This post is featured as part of Election Month here on Tableau Public.
You really want to viz the elections! But you don't know where to find the data, hmm.
Worry no more! We've got you covered. By the time you finish this post, you'll have tons of data on your hands.
1. Let the Data Come to You
What if you could get some new data sets sent to your email every week? Or what if you could collect tweets and news articles on the elections without having to lift a finger? Wouldn't it be wonderful?
Data is Plural, a newsletter by Jeremy Singer-Vine
Jeremy Singer-Vine, data editor at BuzzFeed, created the Data is Plural newsletter about a year ago. Every week, he sends to his subscribers an email containing the links to five data sets.
His Sept. 28 newsletter contained US elections data sets including, among others, county-level results. By signing up, you'll get access to all the data sets shared in the past. They come in a neat Google Sheet, accessible via a link at the bottom of the newsletter.

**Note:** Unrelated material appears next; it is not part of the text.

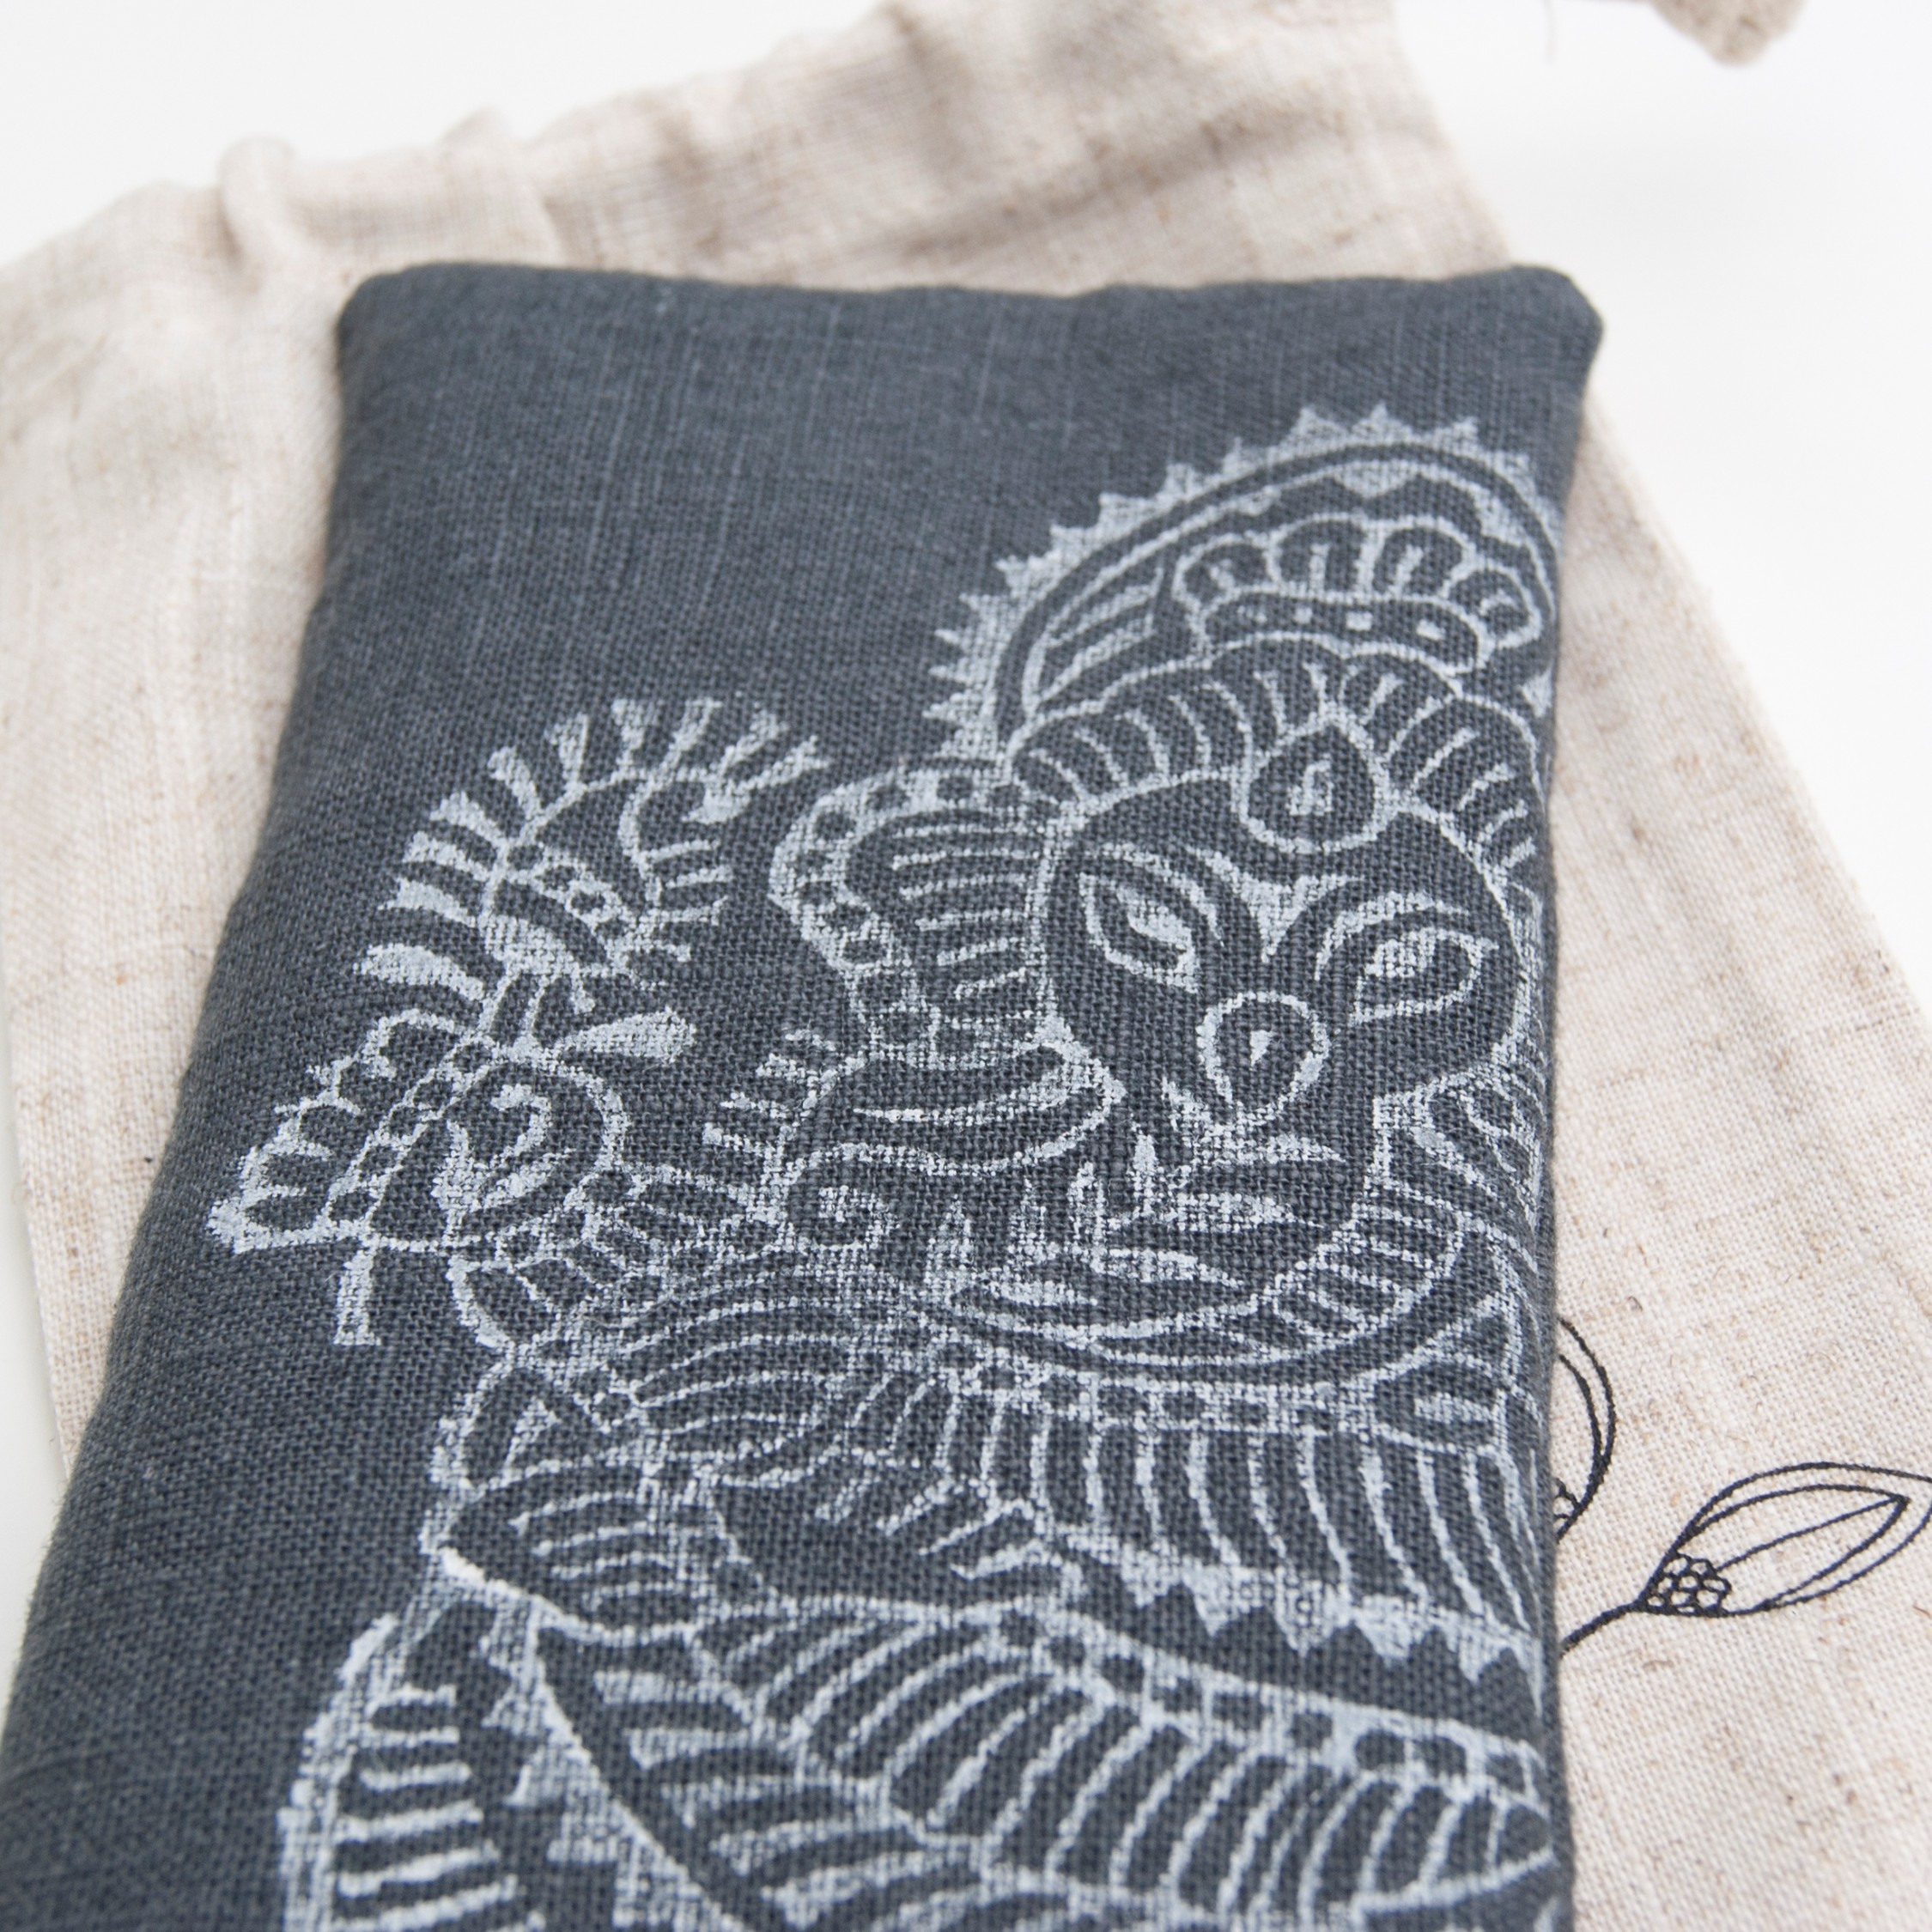 Lavender eye pillow Ganesh by Pure Prana Label

Subscribe to Data is Plural and get some new data sets emailed to you every week!
Automating Data Collection with IFTTT
If you've been reading the Tableau Public blog for a while, you probably know that we like to use IFTTT to automate data collection. The concept is easy: You set up a recipe containing a trigger (event A) and a consequence (action B).
Event A can be candidate X tweeting about the elections, and action B can be adding a new line to a Google Sheet with the date and time, the content of the tweet, and the URL. You can find the recipe for this action here.
Using this recipe for the Twitter accounts of Donald Trump and Hillary Clinton, you will soon get two massive data sets—with an average of 24 tweets a day for Clinton and 10 for Trump since August 18, when I set my own recipe.
With the data collected, you can build visualizations like the below one, showing which are the favorite themes of each candidate.
Some other useful IFTTT recipes for collecting elections data, or more generally, politics data include:
- Save your Feedly articles to a Google Sheet so you can do media-coverage analysis.
- Create a spreadsheet of new laws to keep track of bills signed by the president.
2. Visit Open-Data Portals
Government data is often available on open data portals. A big plus: it is usually clean and formatted for analysis (keyword: usually!).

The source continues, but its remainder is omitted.